Basic MongoDB wrapper for object-oriented collection handling

Project description

Python Basic Utilities - Mongo pbumongo

Available on PyPi

Table of Contents

  1. Installation
  2. Usage
  3. Classes
    1. AbstractMongoStore - abstract class for handling MongoDB collection access
      1. MongoConnection - a helper class to assist with creating multiple store instances
    2. AbstractMongoDocument - abstract class for wrapping MongoDB BSON documents
    3. ProgressUpdater - a collection of classes to help with updating job progress
  4. Archives

Installation

Install via pip:

pip install pbumongo

Usage

It is good practice associating a sub-class of AbstractMongoDocument with a sub-class of AbstractMongoStore. This is done through the deserialised_class parameter in the super() constructor call of the store class. Any method for querying documents will use that class to deserialise the BSON document into the provided class, which should extend AbstractMongoDocument.

Example: let's say we want to implement access to a collection containing user documents. We'll define a class User that extends AbstractMongoDocument and a class UserStore that extends AbstractMongoStore.

# main imports
from pbumongo import AbstractMongoDocument, AbstractMongoStore
# supporting imports
import crypt
from typing import List, Optional
from time import time


# this is an example of a minimum viable class
class User(AbstractMongoDocument):
    def __init__(self):
        super().__init__()
        # define attributes with meaningful defaults
        self.username: str = None
        self.password: str = None
        self.permissions: List[str] = []
        self.last_login: int = 0

    def get_attribute_mapping(self) -> dict:
        # the values are what is used inside MongoDB documents
        return {
            "username": "username",
            "password": "password",
            "permissions": "permissions",
            "last_login": "lastLogin"
        }

    @staticmethod
    def from_json(json: dict):
        user = User()
        user.extract_system_fields(json)
        return user


class UserStore(AbstractMongoStore):
    def __init__(self, mongo_url, mongo_db, collection_name):
        super().__init__(mongo_url, mongo_db, collection_name, deserialised_class=User, data_model_version=1)

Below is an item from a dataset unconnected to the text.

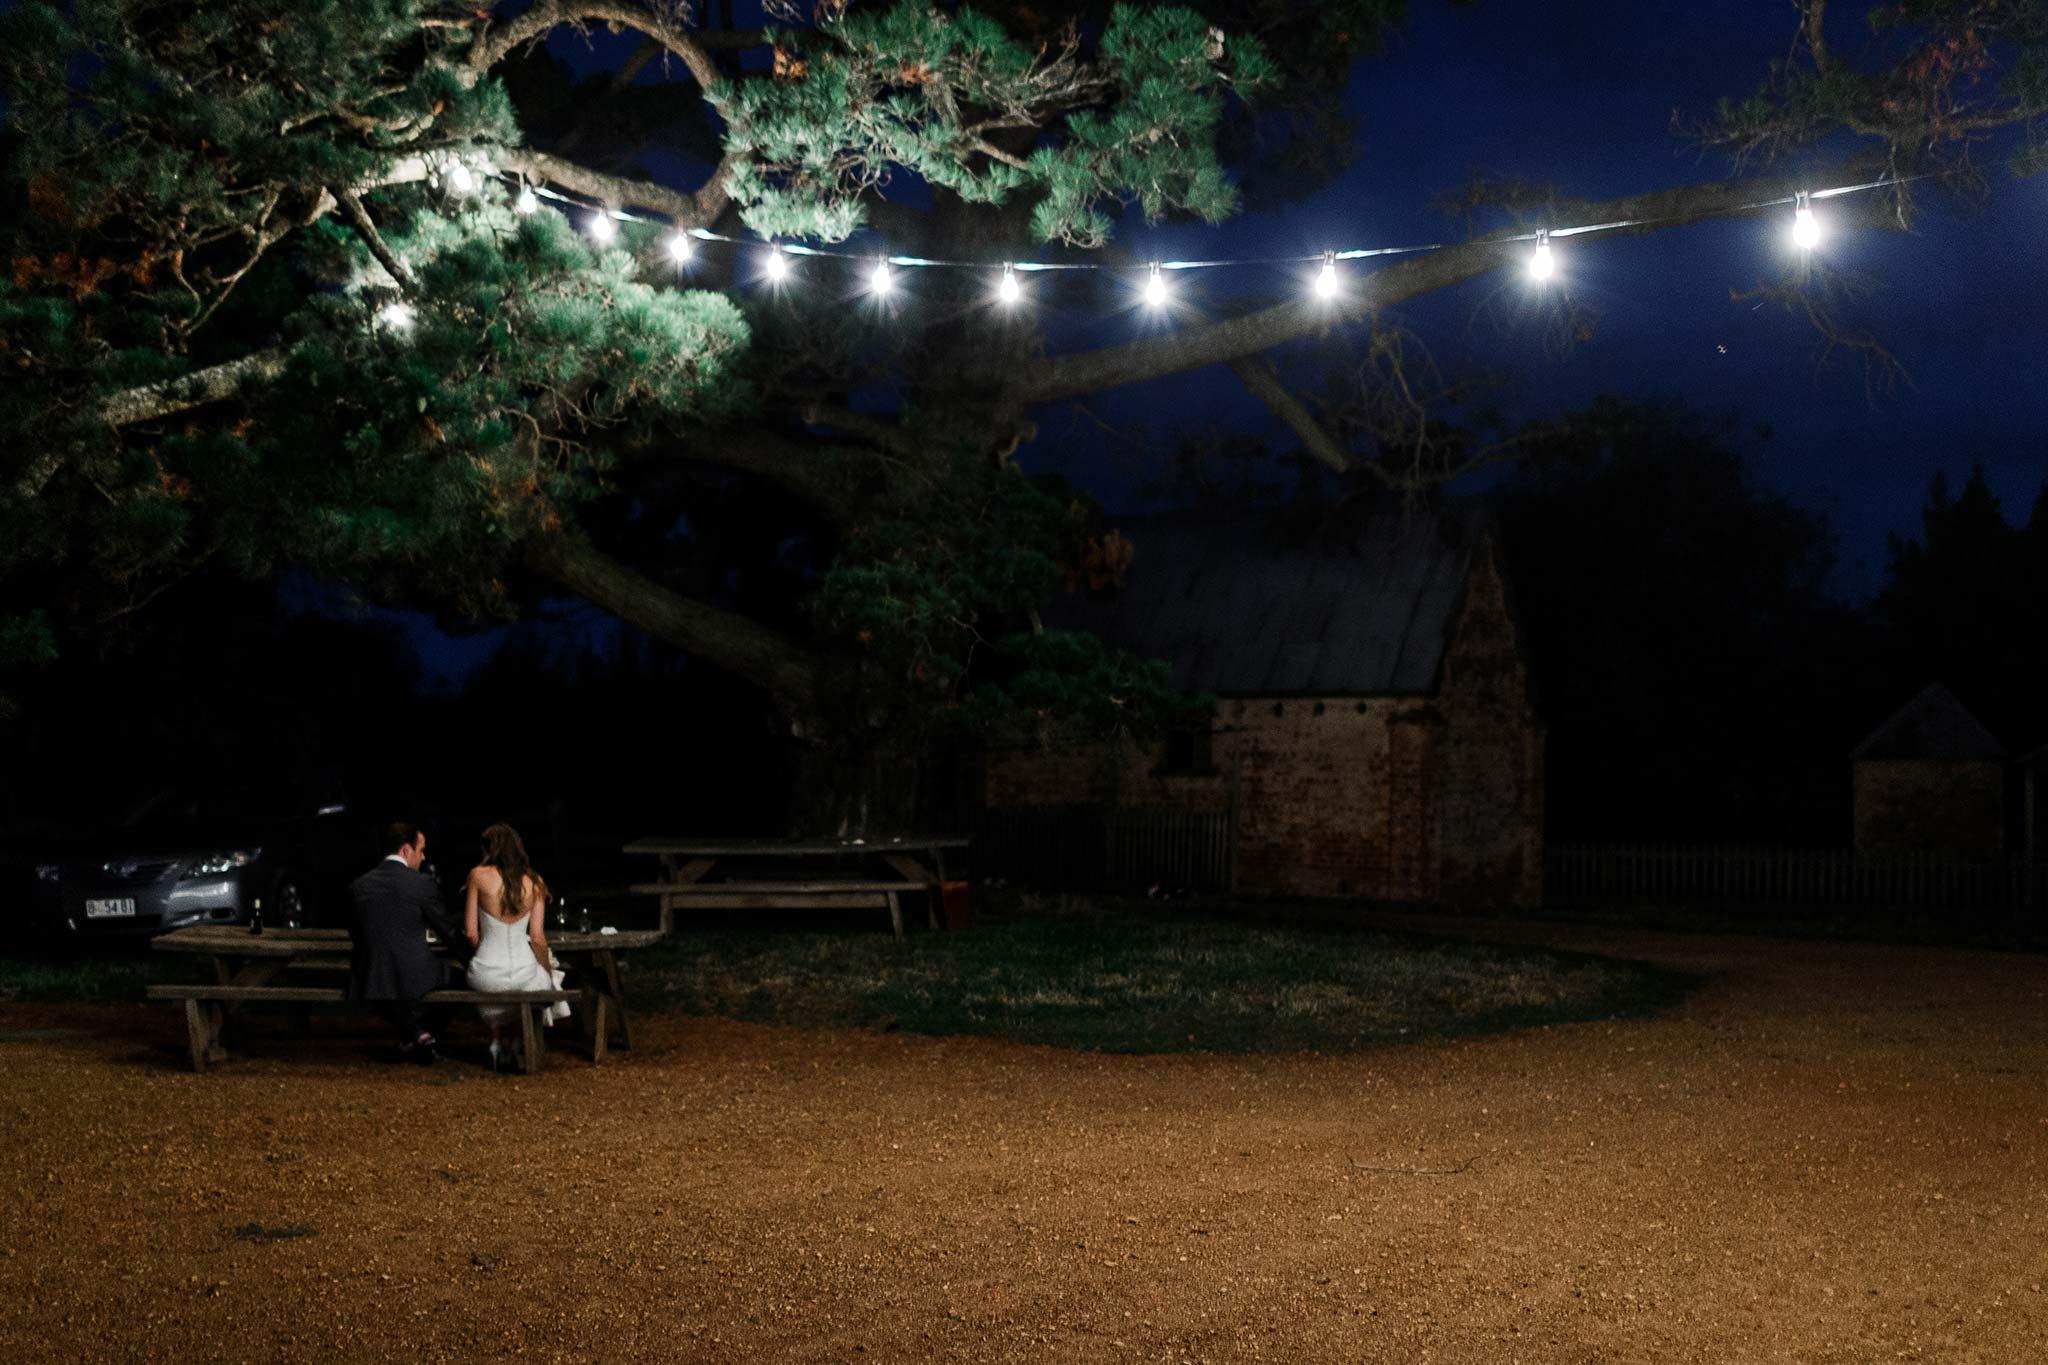 Launceston-Brickendon-barn-Wedding-Photographer-reception-bride-groom-alone

    def login(self, username, password) -> Optional[User]:
        # encrypt the password!
        pw_encrypted = crypt.crypt(password, crypt.METHOD_MD5)
        user: Optional[User] = self.query_one({"username": username, "password": pw_encrypted})
        if user is not None:
            # update last_login attribute and save it in database as well
            user.last_login = round(time())
            self.update_one(AbstractMongoStore.id_query(user.id),
                            AbstractMongoStore.set_update("lastLogin", user.last_login))
        return user

    def create_user(self, username, password) -> User:
        # check if this user already exists
        existing = self.query_one({"username": username})
        if existing is not None:
            raise ValueError(f"User with username '{username}' already exists.")
        # create new user object
        user = User()
        user.username = username
        user.password = crypt.crypt(password, crypt.METHOD_MD5)
        # store in database and return document
        user_id = self.create(user)
        return self.get(user_id)

MongoConnection

To use these classes in your application, you can use the MongoConnection helper or create the UserStore class instance directly. The MongoConnection helper is useful, when you have a lot of collections and don't want to repeat the mongo connection URL and DB name for every constructor.

from pbumongo import MongoConnection
from mypackage import UserStore  # see implementation above

con = MongoConnection("mongodb://localhost:27017", "myDbName")
user_store = con.create_store(store_class=UserStore, collection_name="users")

user = user_store.login(username="admin", password="mypassword")

Classes

AbstractMongoStore

This is an abstract class and cannot be instantiated directly. Instead, define a class that extends this class.

Constructor

__init__(mongo_url, mongo_db, collection_name, deserialised_class, data_model_version=1, archive_store)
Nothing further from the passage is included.